После недолгого колебания она сделала, как я сказала. Распахнула створки сначала одного окна, потом другого. Холодный сырой воздух ворвался в комнату. Кровать стояла далеко от окон, но на лицо каким-то образом упало несколько капель дождя, а небо в то же мгновение прочертила огромная молния.
Я почувствовала, как кто-то взял меня за руку. С этой стороны никого не было, ведь Арра отошла и еще не успела вернуться. Но меня держала и не ее рука. Эти сильные пальцы я теперь очень хорошо знала. От их прикосновения по телу побежало едва ощутимое покалывание, наполняя меня силой, какой я никогда в себе не чувствовала.
– Оллин, – выдохнула я, улыбаясь.
Сила его стихий дотянулась до меня, как до этого я дотянулась до него своим шепотом. Я больше не была одна, я чувствовала его незримое присутствие. И знала, что теперь все будет хорошо.
* * *
Я помнила, как моя девочка закричала, сообщая миру о том, что родилась. Помню, как в то же мгновение ощущение прикосновения к моей руке развеялось. Помню, как ребенка показали мне, дали подержать и велели ненадолго приложить к груди. И помню, что в тот момент почувствовала себя невозможно счастливой.

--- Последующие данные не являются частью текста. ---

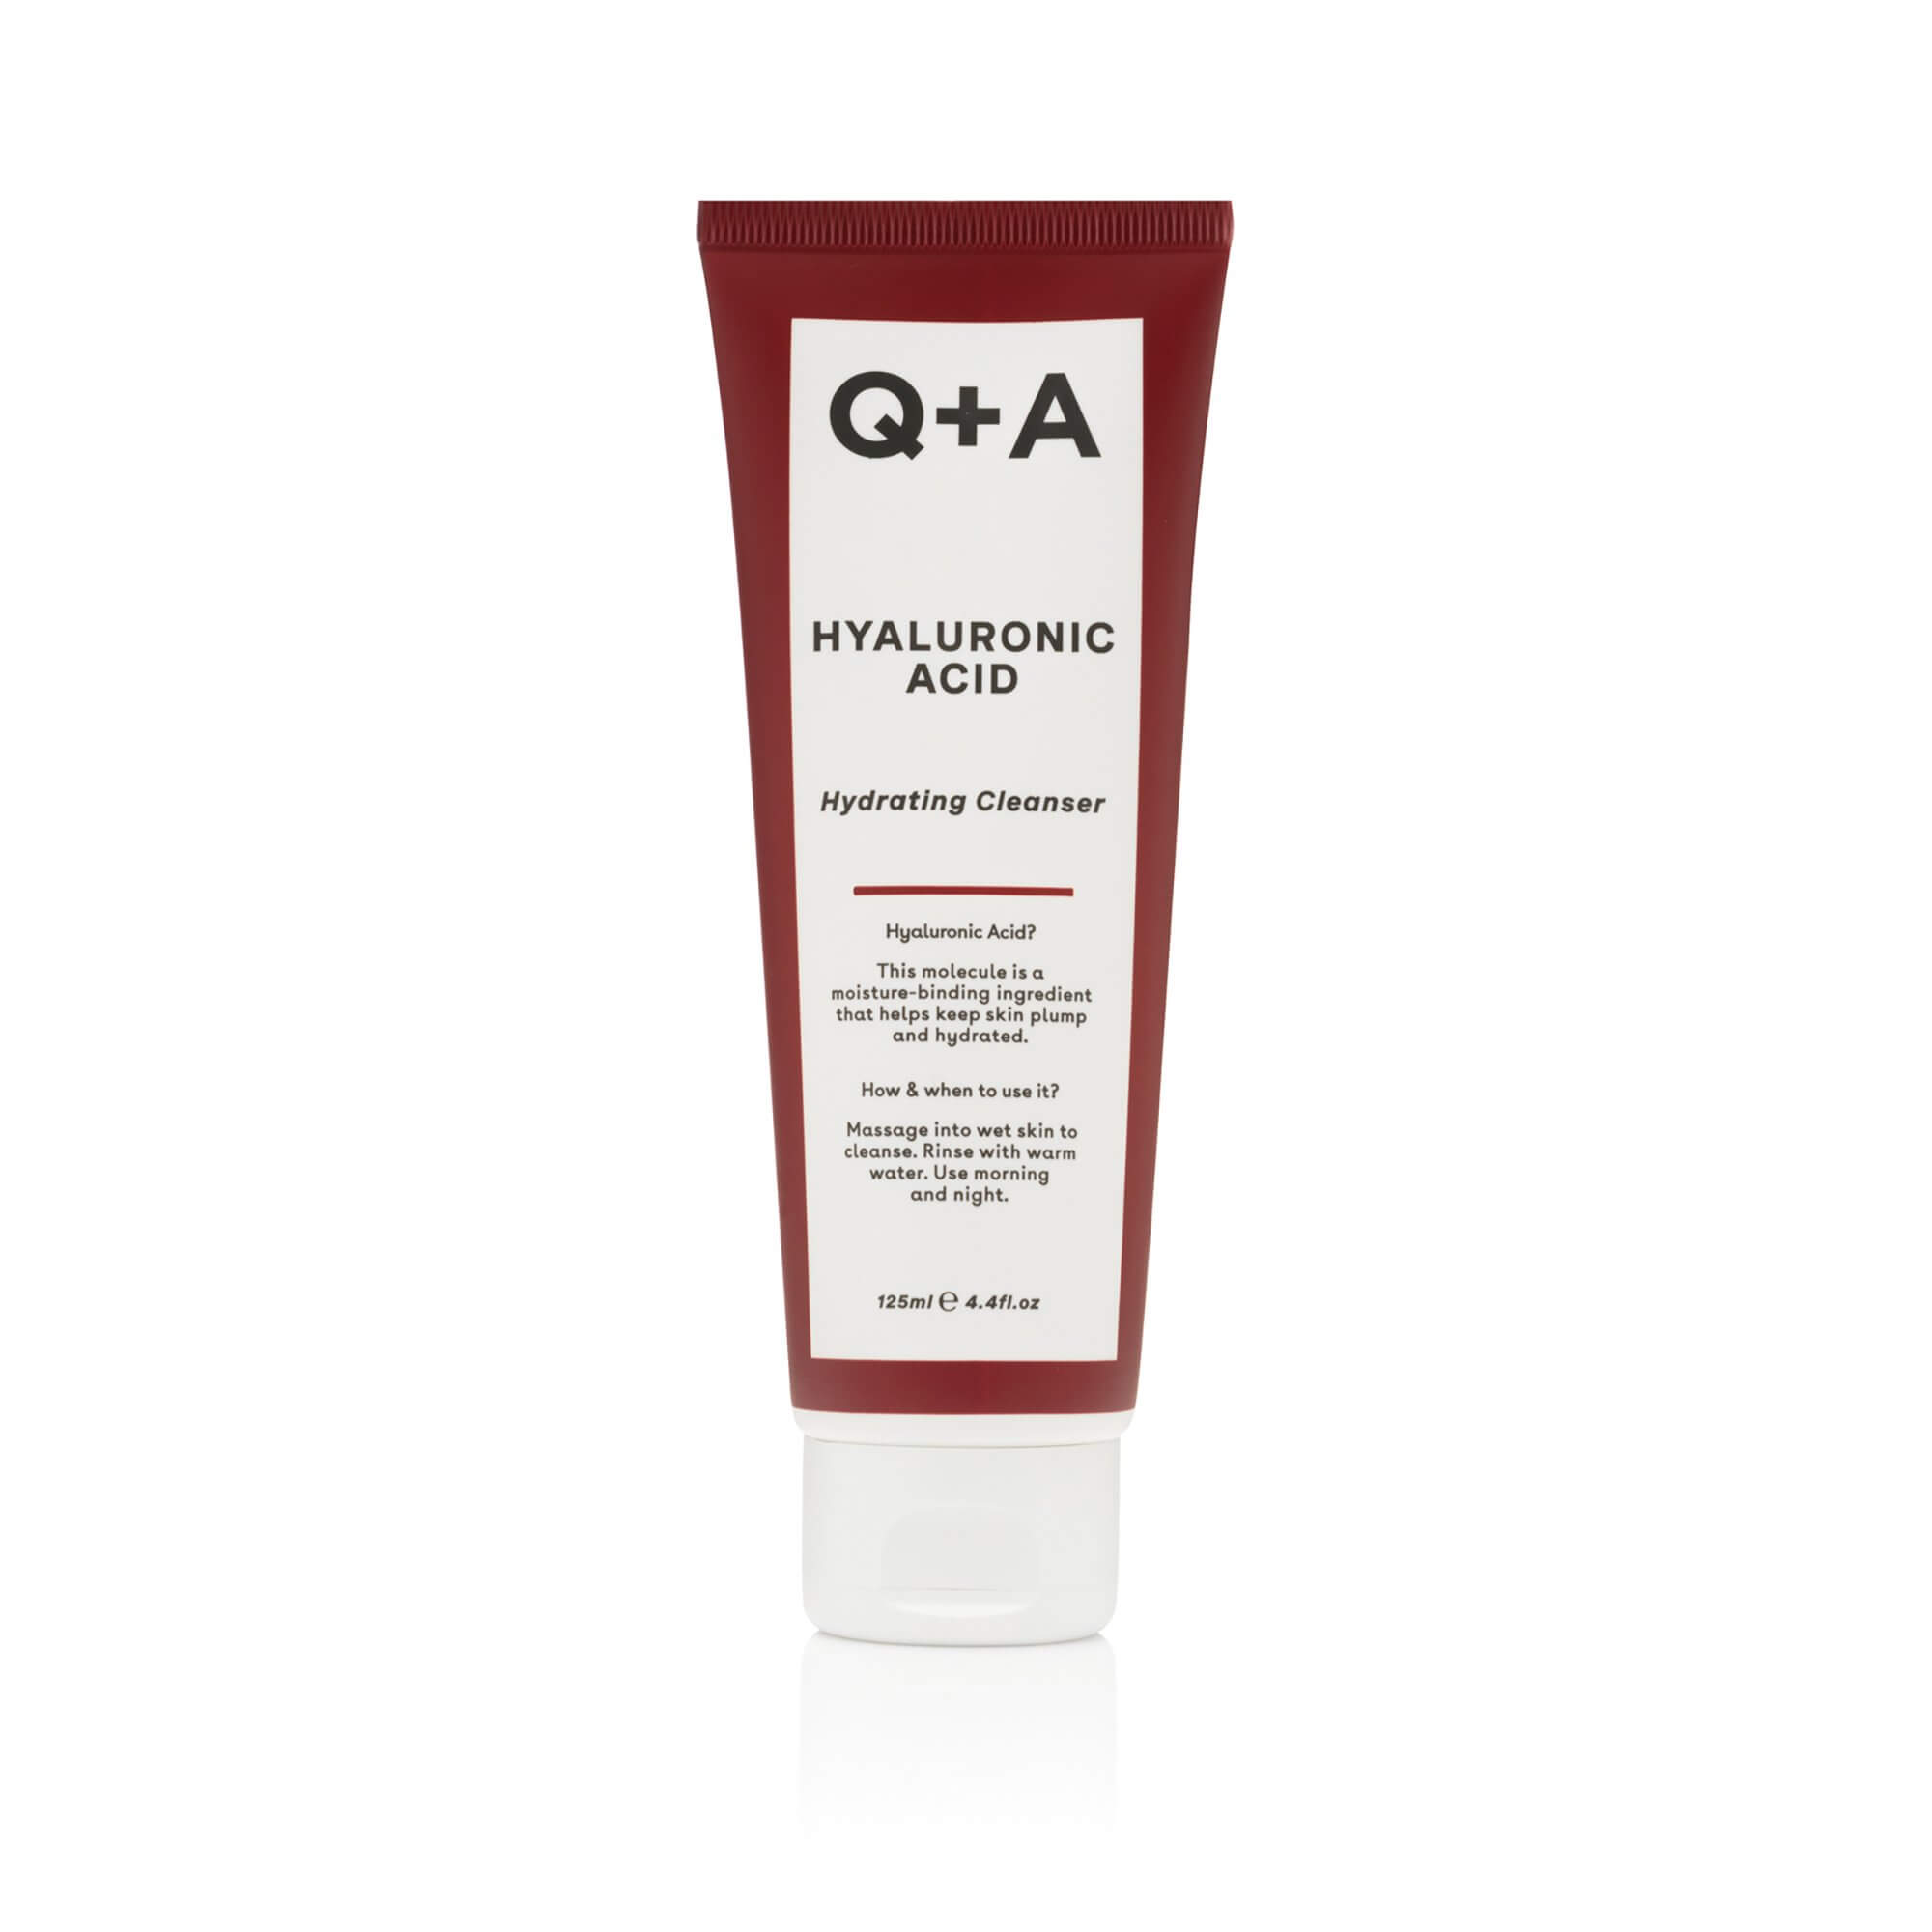 Гель для умывания с гиалуроновой кислотой Q+A Hyaluronic Acid Hydrating Cleanser

А потом снова провалилась в беспамятство. Меня словно выключили, как настольную лампу. Реальность стала обрывочной и вязкой. Иногда я открывала глаза и видела рядом Арру, Нейба, Марию или доктора Балека, но ничего не успевала им сказать: проваливалась в сон снова.
Я не знала, сколько это продолжалось. Из меня словно выкачали все силы, вытащили все кости, и я превратилась в бессмысленное желе.
Осознала себя вновь внезапно, почувствовав прикосновение к щеке и едва уловимый знакомый запах крепкого, ароматного табака. Веки все еще оставались тяжелыми, и я улыбнулась, не размыкая их, потерлась о ласкающую меня руку, накрыв ее сверху своей.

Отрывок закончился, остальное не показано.